Current air-quality legislation falls short. Existing measures would prevent just 2 million premature deaths by 2040. We estimate that around 40 million more such deaths would be avoided if concentrations of methane, black carbon and other air pollutants were halved worldwide by 2030 (see 'Clean air').SLCPs cause poor air quality and are responsible for respiratory and cardiovascular diseases. Particulate matter in the atmosphere is the leading environmental cause of ill health, and air pollution is causing about 7 million premature deaths annually1. Interactions between warming, air pollution and the urban heat-island effect (which causes cities to be markedly warmer than their surrounding rural areas) will raise health burdens for cities worldwide by mid-century2. Air pollution also damages ecosystems and agriculture.

This is not an 'either-or' decision: coordinated action on both climate change and air pollution is necessary. And it is tractable: for example, electric-car sharing or shifting from fossil fuels to renewable power generation would reduce consumption and overall emissions and lead to behavioural shifts that are beneficial in both the near and long term3.

But defining joint CO2 and SLCP reduction goals is difficult.
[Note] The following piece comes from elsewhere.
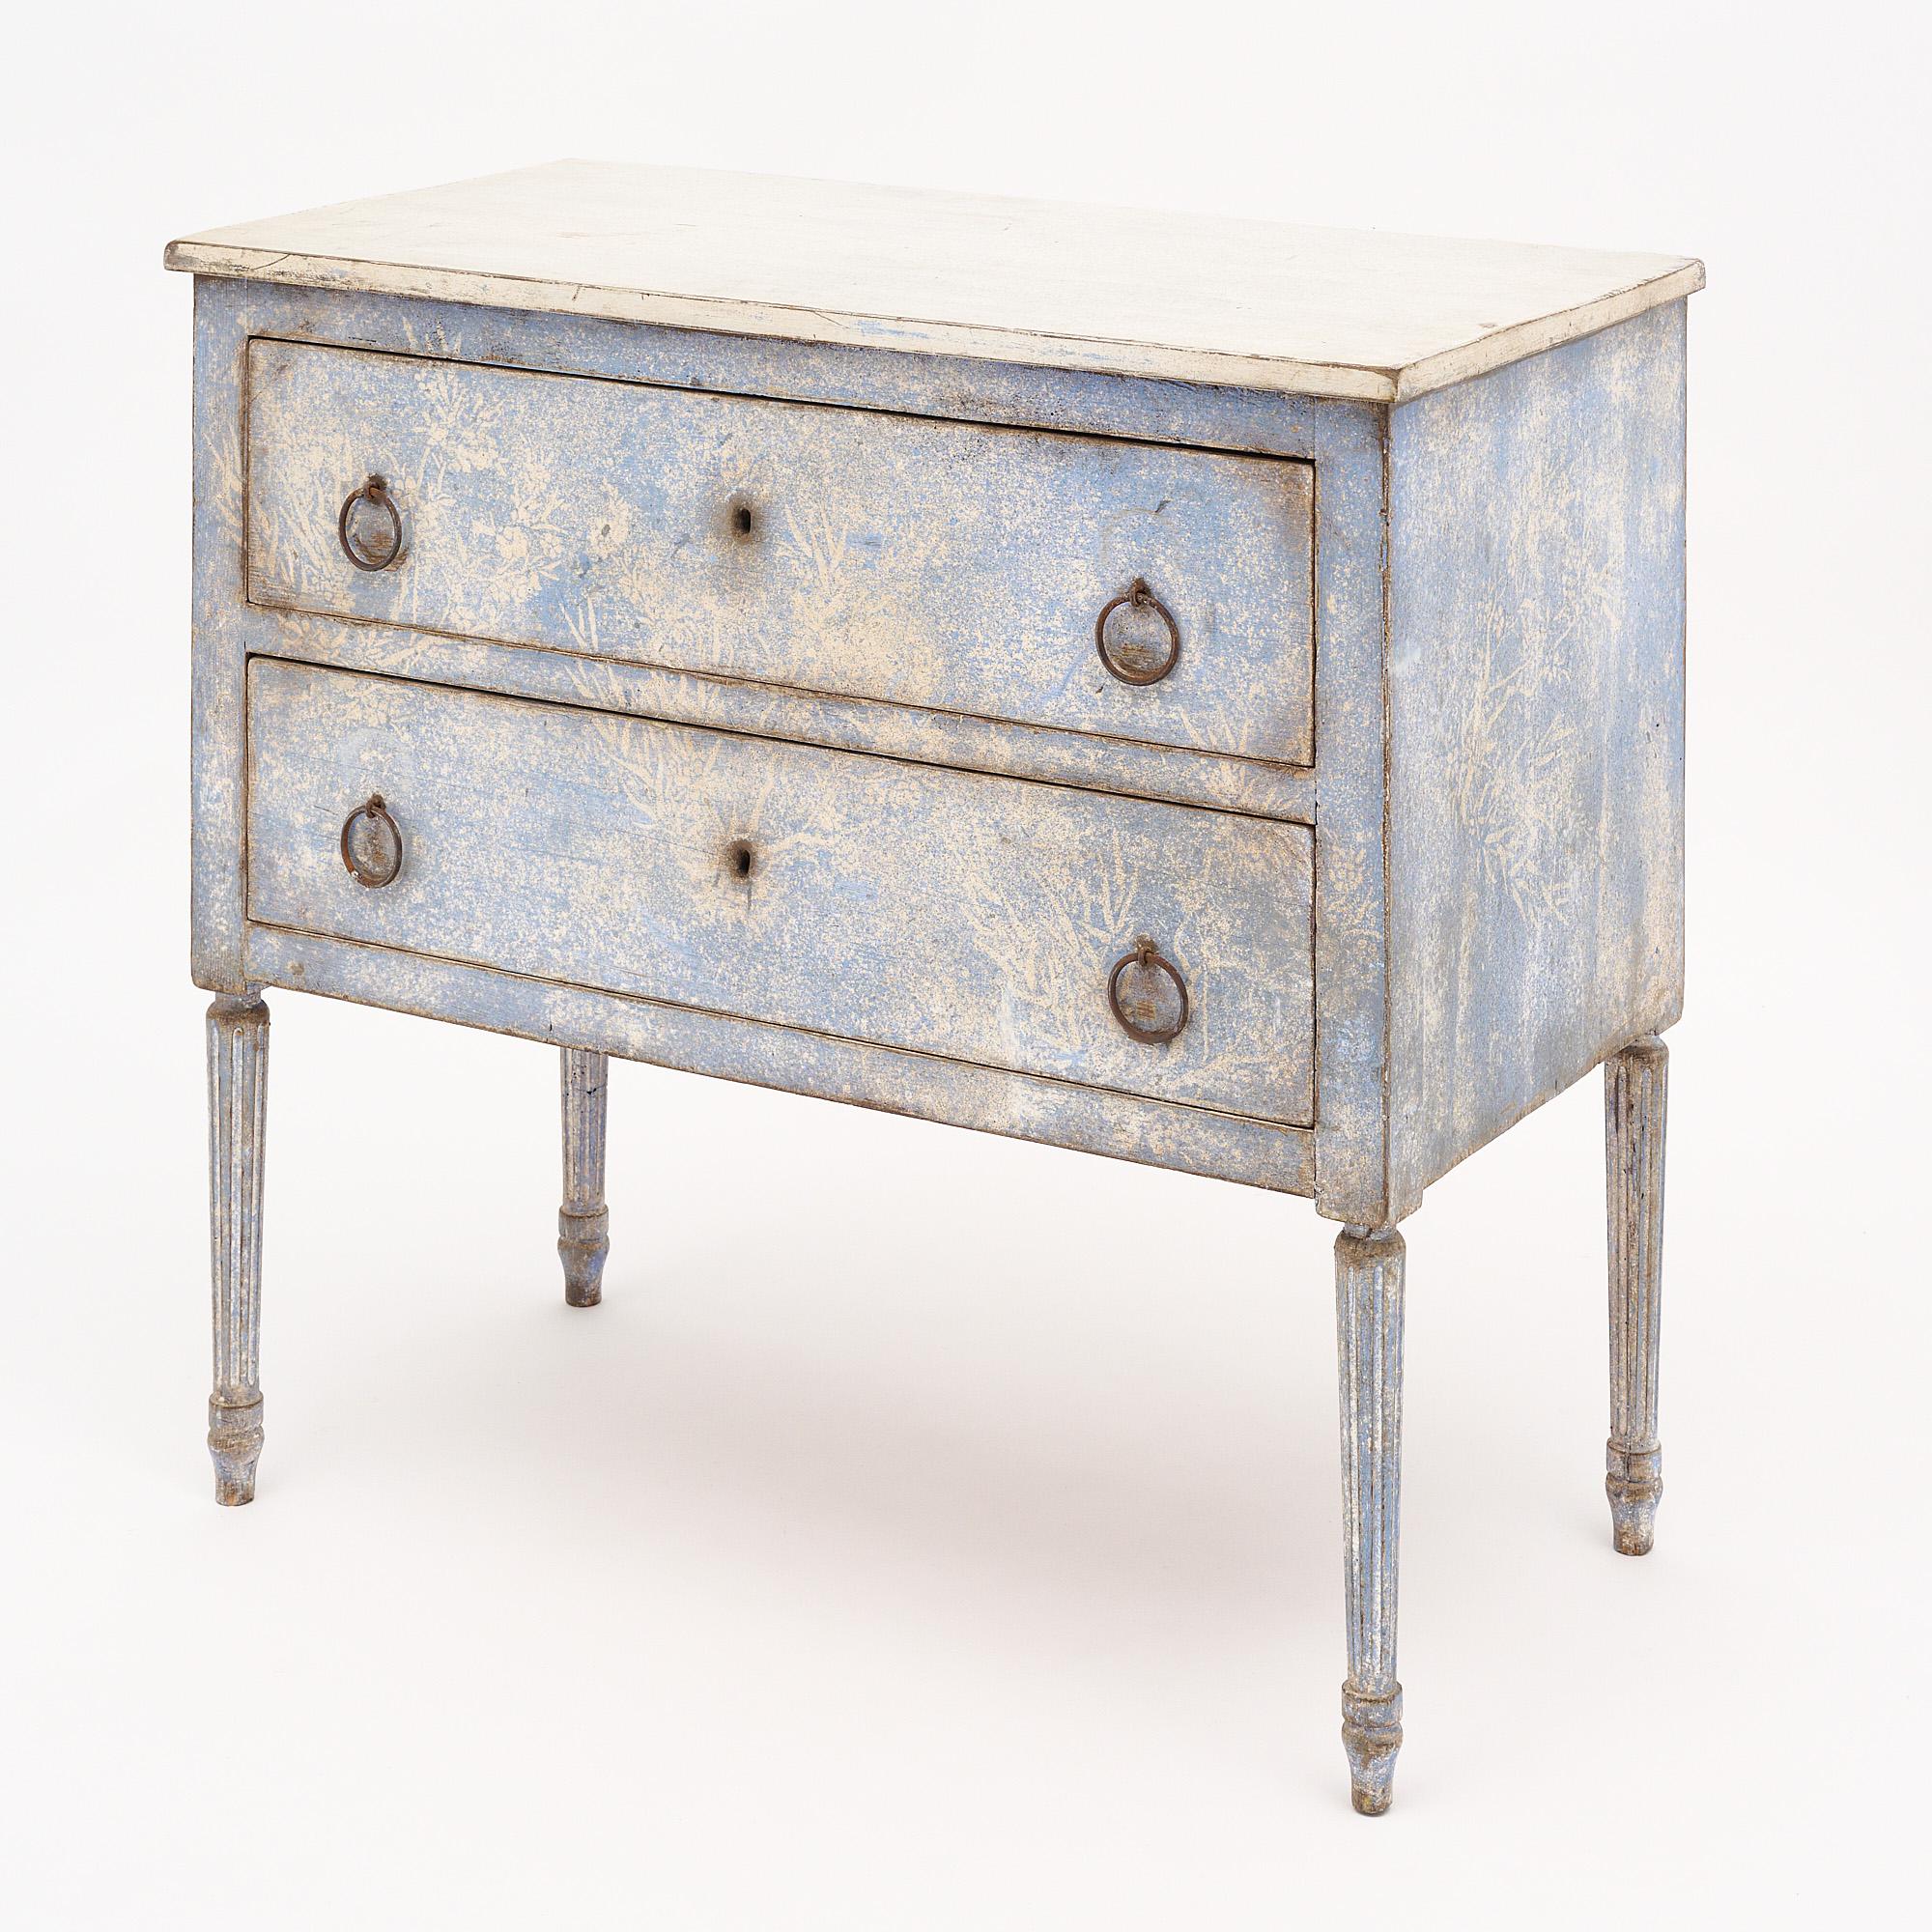 Italian chest with striking hand-painted design in cream and blue tones, supported by four fluted and tapered legs. The chest features two dovetailed drawers with original hardware. We love the delicate floral motif. This chest would be perfect for

Researchers need to spell out the benefits and trade-offs of separate and joint air-pollution and climate-change mitigation in terms of public health, ecosystem protection, climate change and costs. A suite of mitigation policies must be designed and applied on all scales — from cities to the global arena.

Double jeopardy

Studies45 estimate that rigorous reductions of global methane and black-carbon-related emissions by 2030 could prevent around 2.4 million premature deaths per year that result from air pollution, and save 50 million tonnes of crops through avoided ozone damage (methane is a precursor for ozone production). Global mean temperature rise would be slowed by about 0.5 °C by mid-century. The rate of sea-level rise would be reduced by 20% in the first half of this century by such measures alone, and by 50% in the second half if CO2 and SLCP mitigation are combined6.